Fakta Plus-Minus Penggunaan Dot Bayi

Penggunaan dot bayi atau empeng yang kontroversinya beredar selama ini, kerap membuat kalangan orang tua ragu akan manfaat empeng. Anda mungkin pernah mendengar atau membaca pengaruh buruk penggunaan dot bayi terhadap kesehatan maupun kebiasaan anak. Namun tahukah Anda, tidak selamanya empeng itu buruk bagi si kecil.

Selain pengaruh negatif, empeng juga memiliki banyak manfaat, asal digunakan pada waktu yang tepat dan terjaga kebersihannya. Berikut beberapa fakta mengenai penggunaan dot bayi yang dapat menambah wawasan Anda tentang pemakaian empeng.

 

Empeng dapat mengganggu kelancaran proses menyusui

Pernyataan tersebut memang ada benarnya. Namun, hal itu dapat dihindari jika empeng digunakan secara bijak. Penggunaan empeng secara bijak justru dapat meningkatkan kualitas menyusui. Jika empeng dapat menenangkan bayi, maka Anda dapat menikmati tidur tanpa harus terganggu. Iringi dengan istirahat yang cukup, tubuh dan pikiran Anda akan lebih segar, sehingga dapat meningkatkan produksi ASI.

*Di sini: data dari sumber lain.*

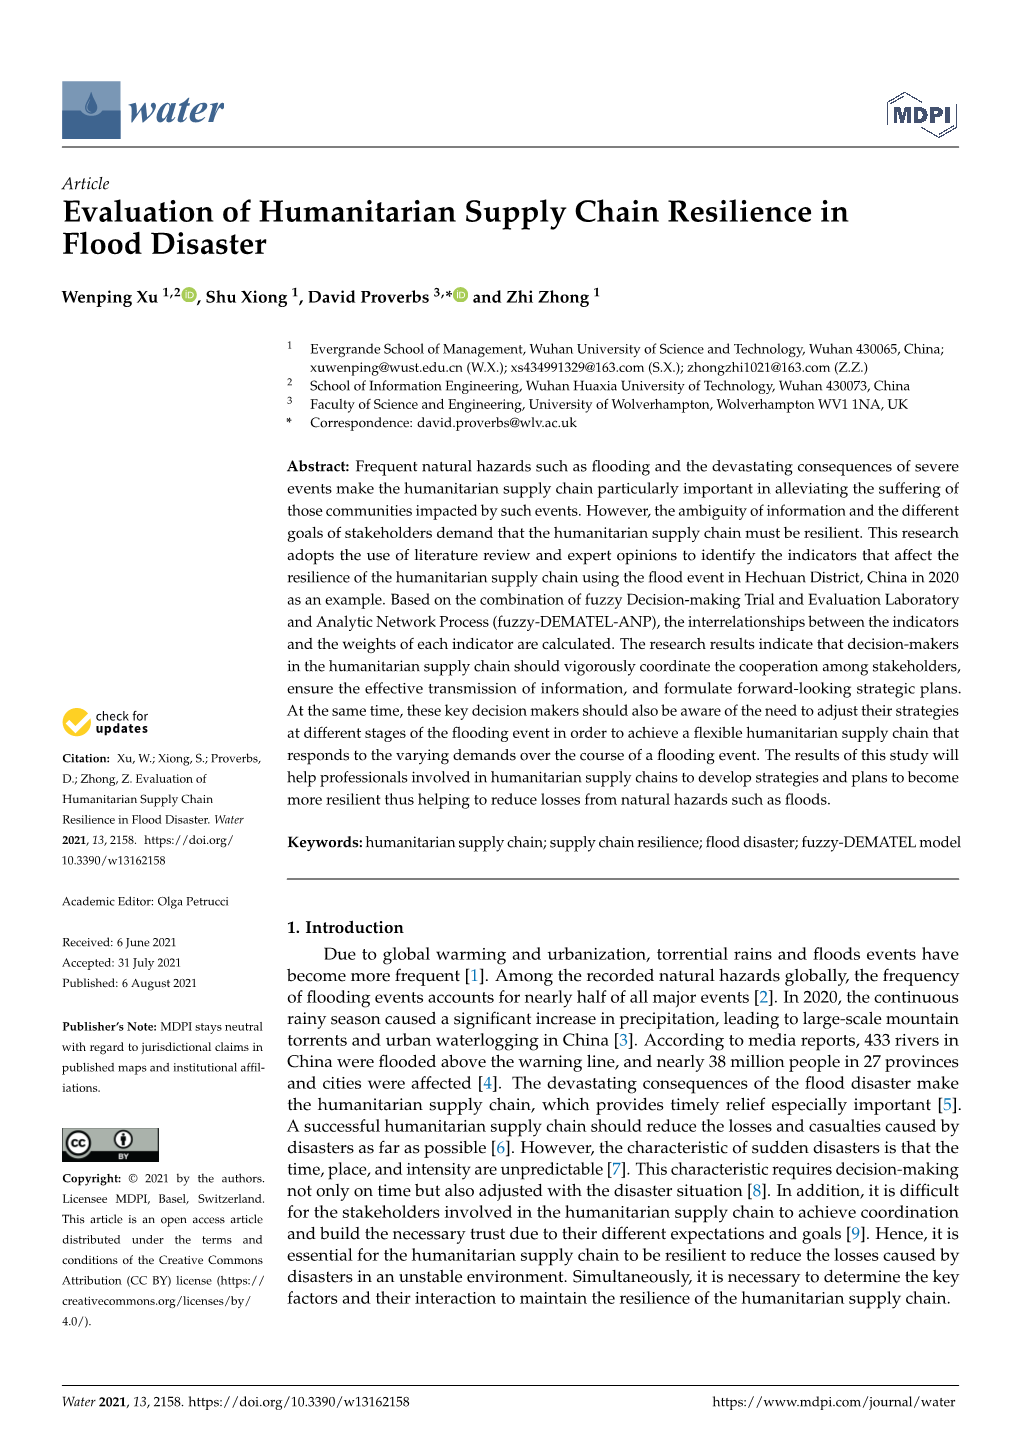 Evaluation of Humanitarian Supply Chain Resilience in Flood Disaster

Sebaiknya, hindari penggunaan empeng sebelum bayi Anda memiliki pola menyusu yang stabil, biasanya hingga usia 1 bulan, agar bayi menguasai terlebih dahulu teknik menyusu. Jangan berikan empeng untuk menunda waktu menyusui. Sebelum memberikan empeng, pastikan bayi Anda tidak sedang lapar.

 

Empeng dapat merusak struktur gigi

Jika bayi Anda hanya sesekali menggunakan empeng dan hanya sampai usia 1 tahun, maka Anda tidak perlu khawatir dengan perkembangan giginya. Namun, jika anak adalah pengempeng aktif, sebaiknya segera lakukan penyapihan agar perkembangan giginya tumbuh secara normal.

 

Si kecil susah lepas dari empengnya

Usahakan untuk mulai menyapih si kecil dari empeng sebelum anak berusia 1 tahun. Sebenarnya, kebanyakan bayi akan mengurangi sendiri ketergantungannya pada empeng sekitar usia 6-9 bulan. Karena, saat usia tersebut bayi lebih tertarik pada hal-hal lain. Jangan perlihatkan empeng lagi saat bayi Anda menunjukkan tanda-tanda tidak atau kurang tertarik pada empengnya.

Jangan pula membiasakan memberikan empeng sebelum tidur malamnya. Ciptakan kebiasaan lain, seperti membaca buku cerita, menyanyikan lagu pengantar tidur sebagai rutinitas tidurnya.

 

Penggunaan empeng dapat menghambat perkembangan kemampuan verbal

Intensitas dan frekuensi mengempeng bayi yang tinggi, membuat bayi lebih asik 'mengenyot' daripada berceloteh. Dengan begitu, kemampuan berbahasanya akan terhambat. Jangan berikan empeng saat bayi dalam keadaan terjaga dan motivasi bayi untuk mengeksplorasi lingkungan sekitarnya.

 

Penggunaan dot bayi atau empeng dapat Anda lakukan saat bayi berusia 2-3 bulan atau setidaknya 1 bulan. Sebaiknya, cobalah cara-cara lain terlebih dahulu untuk menenangkan dan membuat si kecil nyaman sebelum memberikan empeng. Hal terpenting adalah batasi penggunaan empeng agar anak tidak mengalami ketergantungan terus-menerus.